Building a better Waxhaw part two

Editor’s note: Last week we ran the first of a two part editorial from Waxhaw mayor Daune Gardner. Here’s the second part of the piece.
During these tough times, Waxhaw has been banking cash in preparation for upcoming capital projects. During the 2008-2009 budget process, a deliberate decision was made to start saving for those projects that we knew were going to need to be built in the near future. We have been running a surplus in excess of $1M annually for the last several years and currently have over $5M in the bank with no debt. The town is well-positioned to leverage our resources to get the most utility from those funds as we look at building needed public facilities. We have done this with an annual budget in the $5-6M range and with no increase in taxes. In light of this and the general economic challenges facing our working families, I recommended that the town board consider a reduction in the tax rate in the 2011-2012 budget year. While the board chose not to act on my recommendation, they did maintain the tax rate.
Much has happened in the community also. Several new local organizations have been launched, and existing ones have grown and strengthened. The Library Association of Waxhaw got off to a quick start, banking more than $30,000 in their first year while their used book store, the Waxhaw Reading Room, has developed a loyal following of both volunteers and readers. This organization arose during the time that Waxhaw was discussing partnering with the county to build a larger Waxhaw Branch Library. It is time to return to those discussions and find a solution. We love our library in Waxhaw and took the initiative to establish our library back in the 1930s before a county system existed. Today’s challenge is to bring the level of service up to where it will be in line with the growing population of our community. In my next term, I will bring this back to the table and work to bring about a solution that works for both the people Waxhaw and the county system that supports it.

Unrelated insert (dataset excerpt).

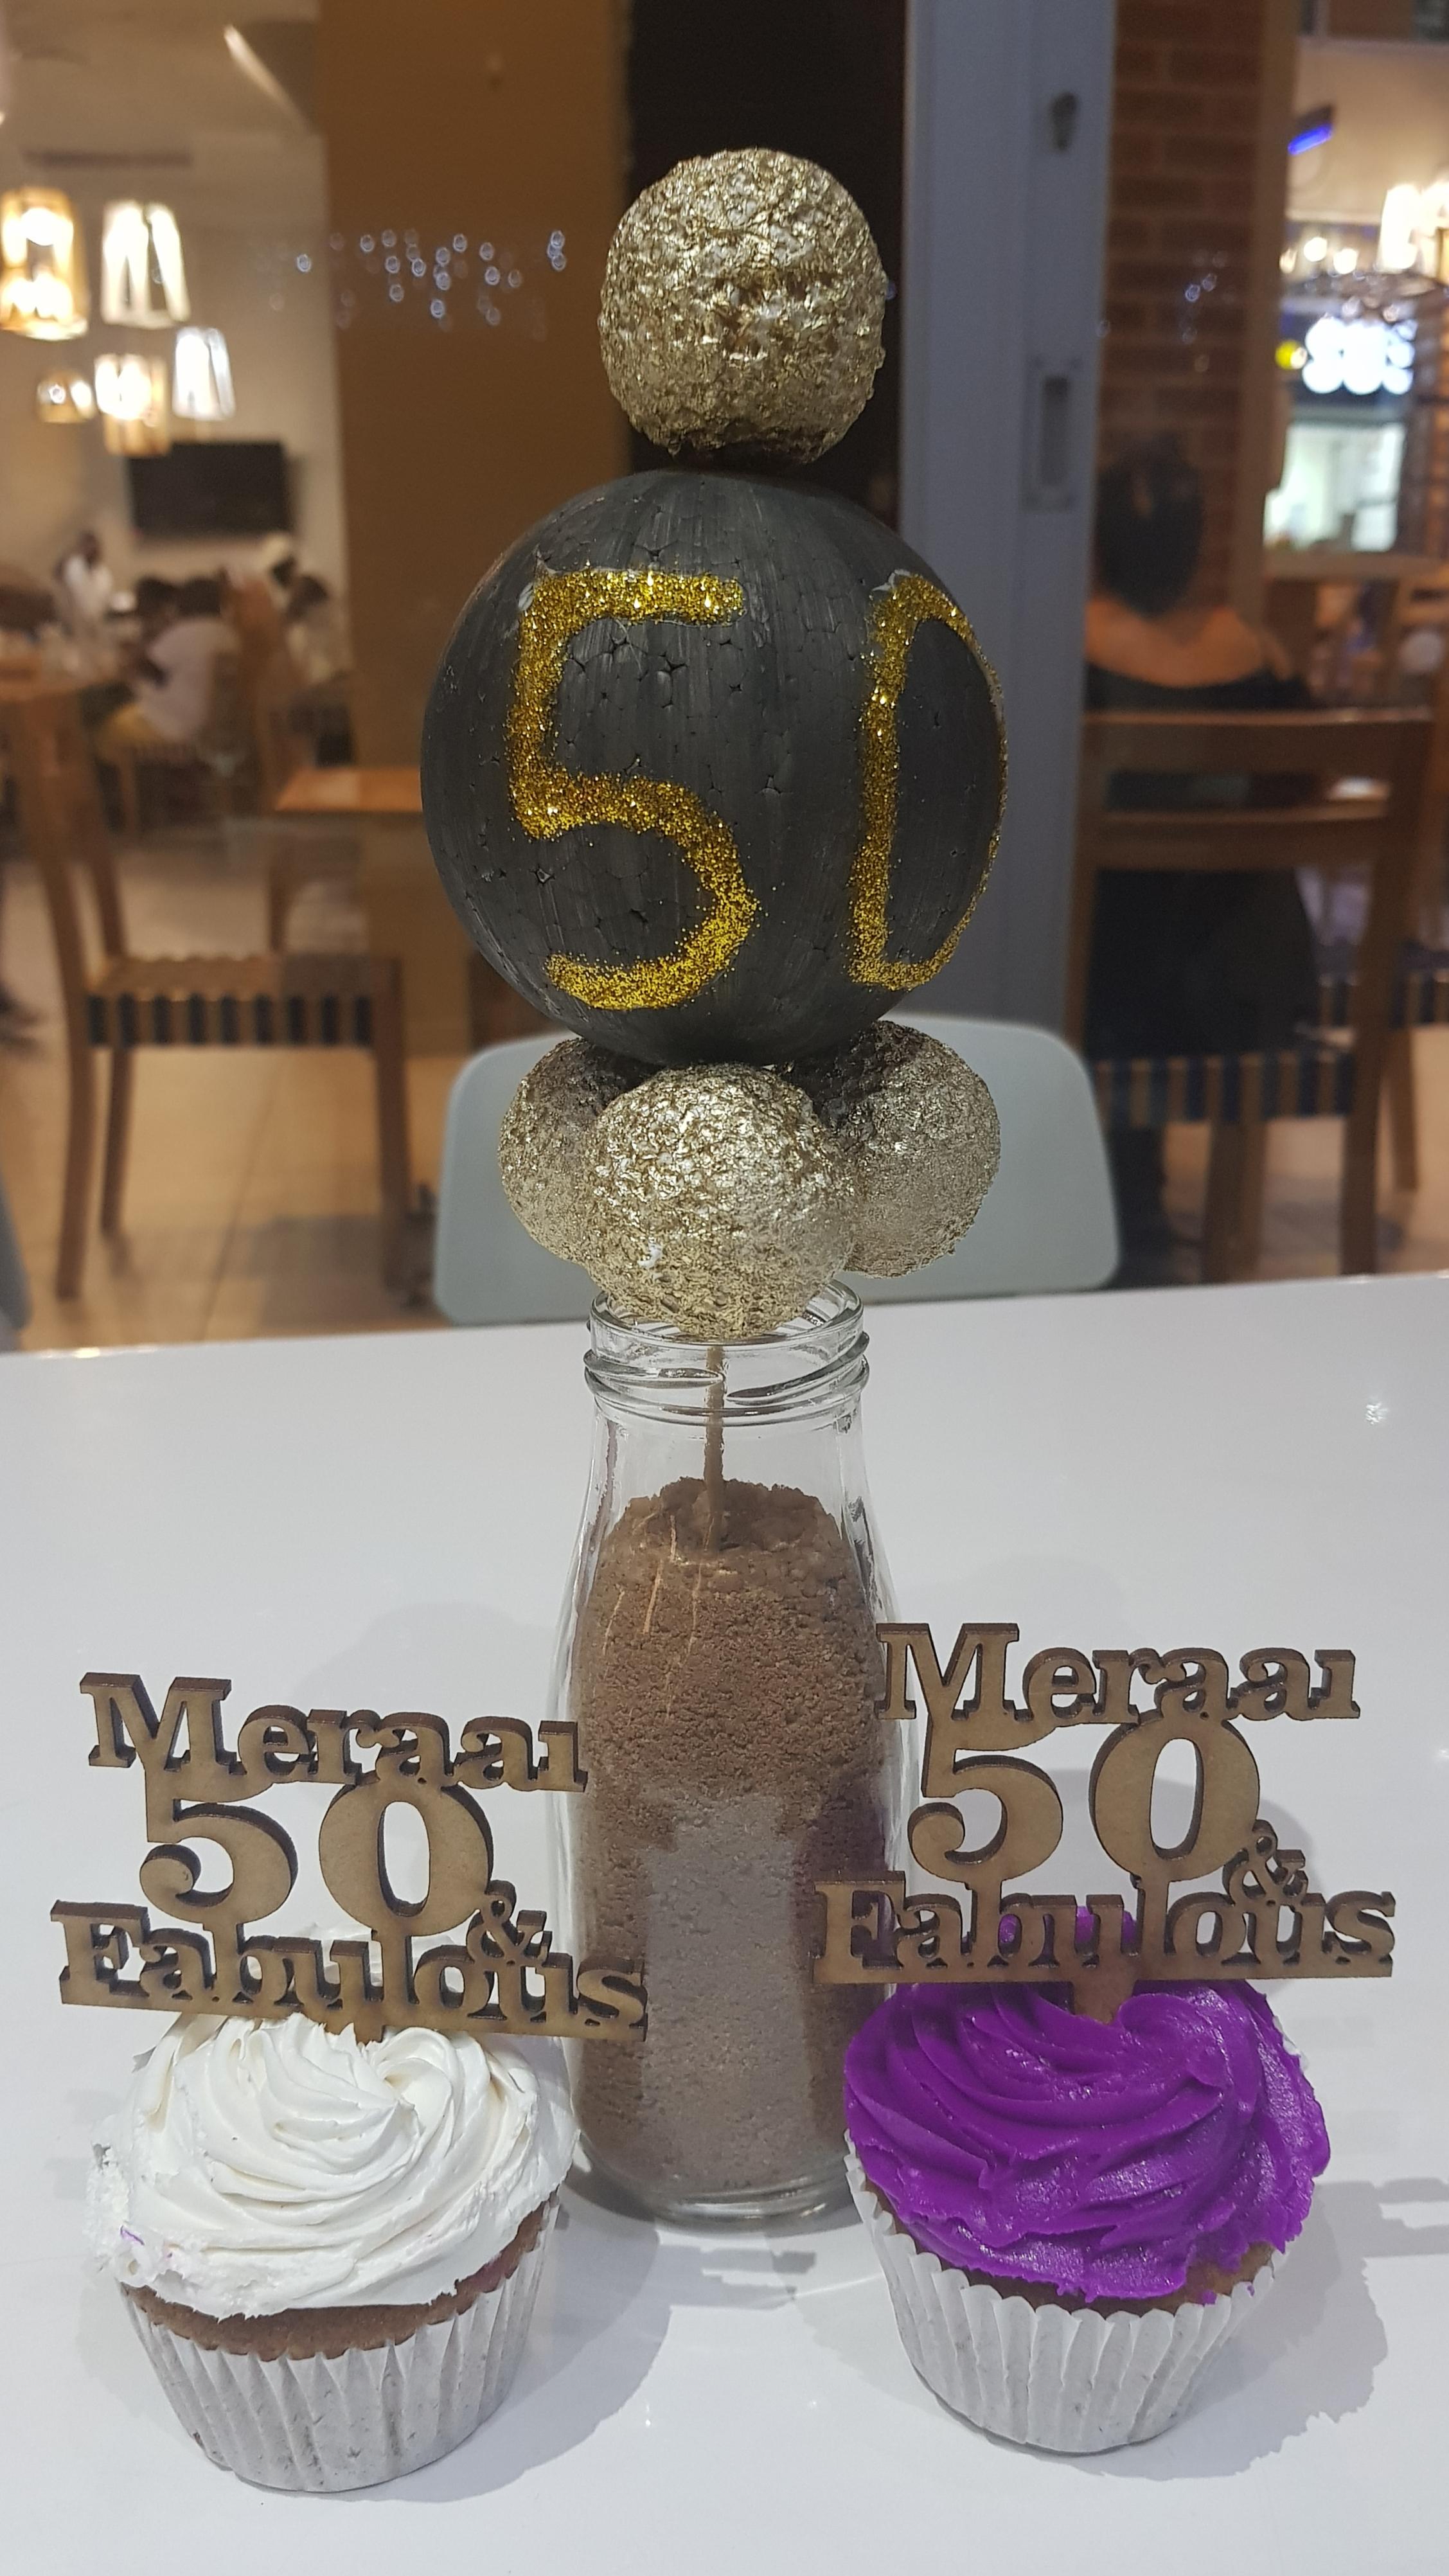 CUP CAKE MERAAI.jpg

Some may look at the number of town-driven efforts underway that involve boards or committees as “too much government”. However, it is precisely that type of citizen and stakeholder involvement that makes for good governance. For government to truly work well, there are three parties that must be engaged in a real and robust way – the leadership, the staff, and the people. If any one of those three groups is not present in the process of governance, or if one group has lesser or greater power in the process than the others, it creates an imbalance. When there is an imbalance, good might still happen and good decisions and outcomes might still take place, however, good outcomes are more assured when all groups are represented well and fully and are equally powerful.
Some efforts are met with skepticism however. In early 2009, I received a bit of scolding in a letter to the editor admonishing me for “wasting time” on an arts council while there was still work to be done on our ordinances. While I understand the writer’s frustration, it is important to understand that, as an elected official, I must work on many efforts concurrently. At that time I was hearing a lot of interest being expressed regarding a more deliberate approach to our support of the arts in Waxhaw which may have been spurred by the efforts of the Beautification Committee to establish an Arts Policy for the town. I recognized this as an opportunity to capitalize on that interest and draw in volunteers.
On a Saturday morning in January, over 20 people answered the call to explore forming an organization that would provide support for the arts in our community. Robust discussion ensued, leaders were chosen and the Waxhaw Arts Council was born!
People sometimes ask me if I enjoy being the Mayor of Waxhaw. The question inevitably brings a smile to my face because, as one of my fellow mayors says, representing my community as your mayor is “the best job in the world!” I have truly enjoyed working for the people of Waxhaw since my election in 2007.
In that time, much has been accomplished and many other efforts have begun but there is still much work to be done. I believe that I can best contribute to the continuation and completion of those efforts as your mayor. With that in mind, I am asking the people of Waxhaw for the opportunity to continue our work together to build a better Waxhaw!